Domain 4: Data Governance & Data Analytics Flashcards
What is the ACID test for reliable database (DB) transactions?
Atomicity - transaction is individisble
Consistency - database is always in a valid state
Isolation - 2 transactions run simultaneously will not interfere with each other
Durability - persistent data store will always contain up-to-date info
What is included in the OSI 7 layer model
<Host>
DATA
7. Application (e.g. POP3/IMAP4 for email, HTTP for web content, FTP for file transfer, SSH and HTTPS for secure browsing)
6. Presentation (Encryption, decryption, conversion to character sets like ASCII)
5. Session (Lightweight Directory Access Protocol = LDAP for authenticating users, SSL)
SEGMENTS
4. Transport (Transmission of segments via TCP, UDP)
<Media>
TCP Packet/UDP Datagram
3. Network (Transmission of packets via IP, DHCP (used to assign IP addresses to hosts), DNS server, through routers)
Frame
2. Data Link (transmission of frames via ethernet, PPP (Point-to-Point Protocol), ARP (Address Resolution Protocol)
Bit
1. Physical (transmission of binary bits via copper wire, coaxial or fiber optic cable)
</Media></Host>
Global variables referenced by what symbol?
Up arrow symbol (later became a caret “^”)

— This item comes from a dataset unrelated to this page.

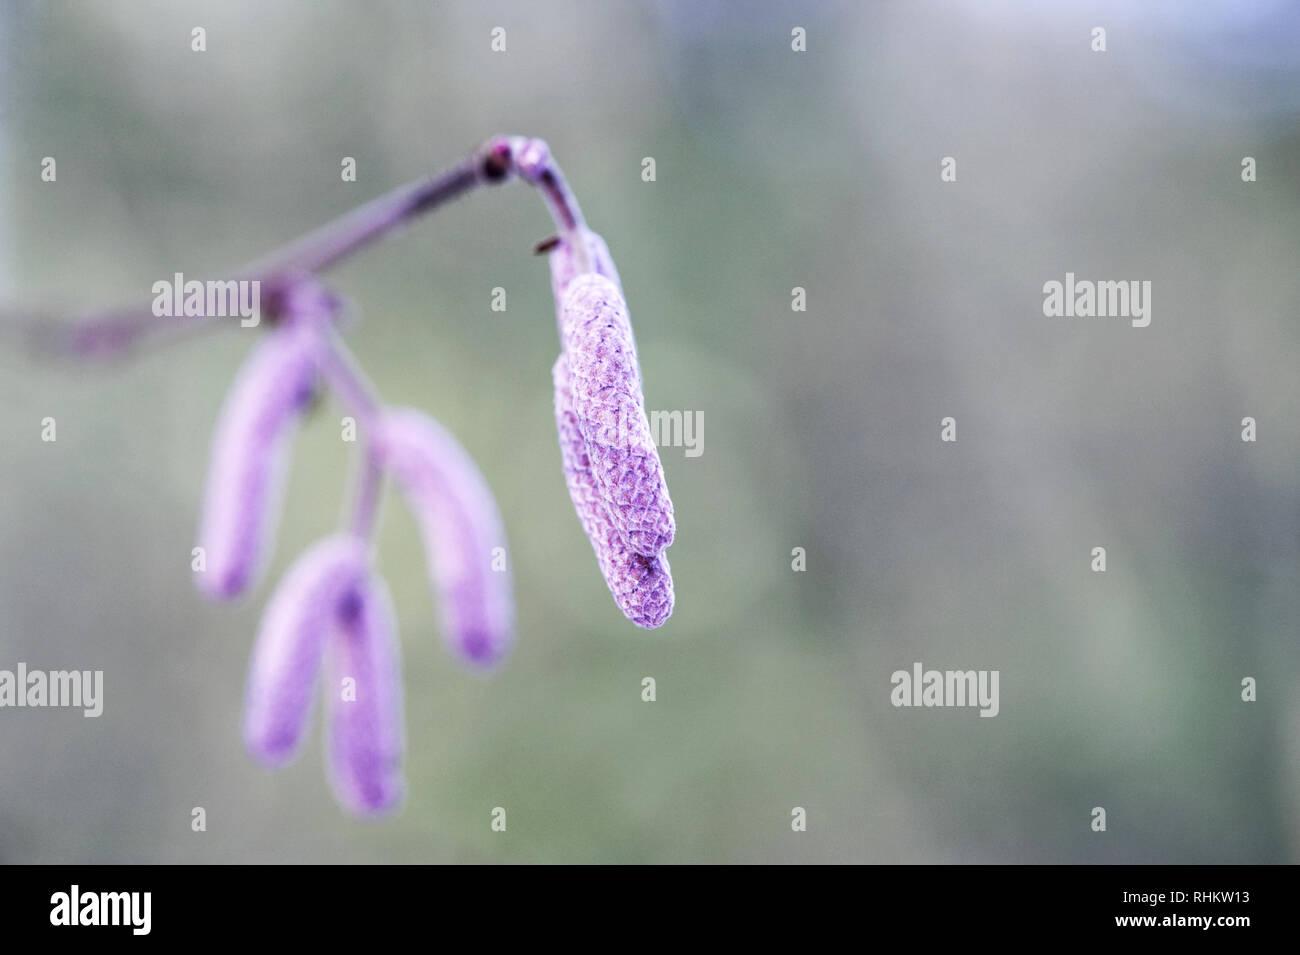 Corylus maxima 'Purpurea' catkins in Winter. - Stock Image

In an event monitor, a high test result is a?
Condition
What is evoking strength in INTERNIST-1/QMR
PPV
What is the observed value for an item in a ML data set?
Label
What is an example of an expert system?
CADUCEUS
Examples of reinforcement learning
Markov decision process (use with known model)
- Q-learning
Monte Carlo (use when one or more elements are unknown)
What are measures of information retrieval success?

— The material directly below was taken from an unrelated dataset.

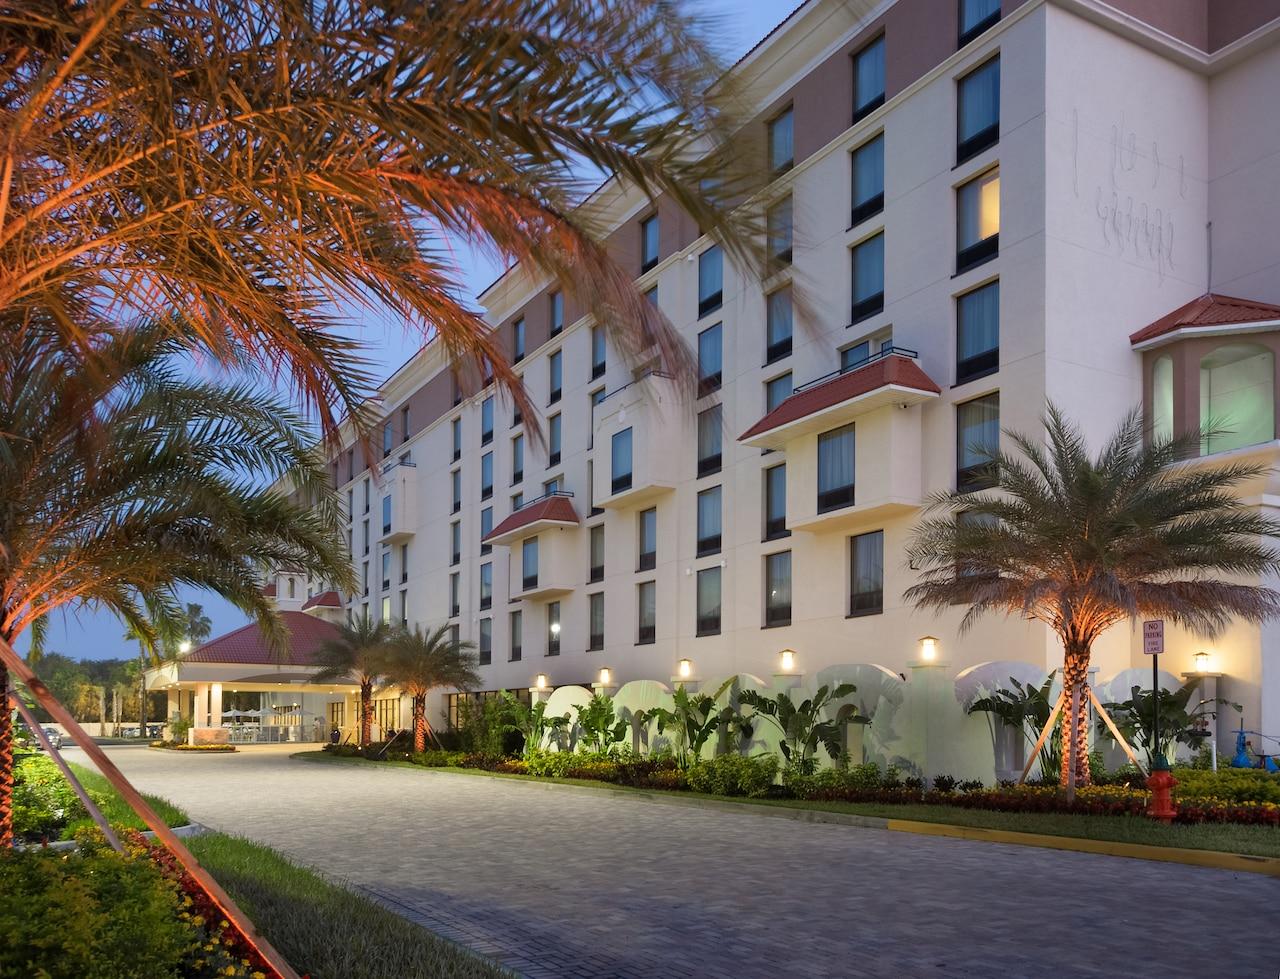 The 7 story exterior of the Delta Orlando Lake Buena Vista hotel

Precision (PPV) = % of returned documents that are relevant to the query
Recall (sensitivity) = % of all relevant documents in the corpus that were found
Fall-out (false positive rate) = % of irrelevant documents that are retrieved
Difference between bias and variance
Bias = measure of inaccuracy
Variance = measure of imprecision
What is the null error rate
Rate of being wrong if you ALWAYS pick the majority class.
Ex) If majority class has 105 instance out of 165 total instances, null error rate = (165-105)/165
What statistical models to use to screen for low incidence conditions
- Fbeta score
- Matthews Correlation Coefficient
- Stratified K-fold cross-validation
Measures to evaluate regression methods (numerical output)
- Root mean squared error (RMSE): lower = better fit
- Correlation coefficient (r): strength of relationship between x and y on a scatter plot. No correlation is r = 0.
- Coefficient of determination (r2 squared): Goodness of fit. Represents % variation in y that is not explained by variation in x. 100% = perfectly fit model.
Measures to evaluate classification methods (categorical output)
- Confusion Matrix: Assessment of model’s “confusion” in analyzing instances (i.e., assigning instances to the wrong class or outcome)
- Cohen’s Kappa: measure of how well the classifier performs as compared to random chance
- Reliability diagram: Assess calibration by plotting observed event against predictive probability
Measure used to evaluate both supervised & unsupervised models
- Receiver Operated Characteristic (ROC) curve: Plot sensitivity against 1-specificity
- Area Under the Curve (AUC): AKA concordance (c) statistic. AUC = 1 –> perfect discrimination.
What is the most important, time-consuming and expensive part of developing ML model
Gathering appropriate data (instances)
Difference between validation and testing data set
- Validation data set used to evaluate PRELIM model to tune model
- Testing data set used for final evaluation of model. No further change is anticipated.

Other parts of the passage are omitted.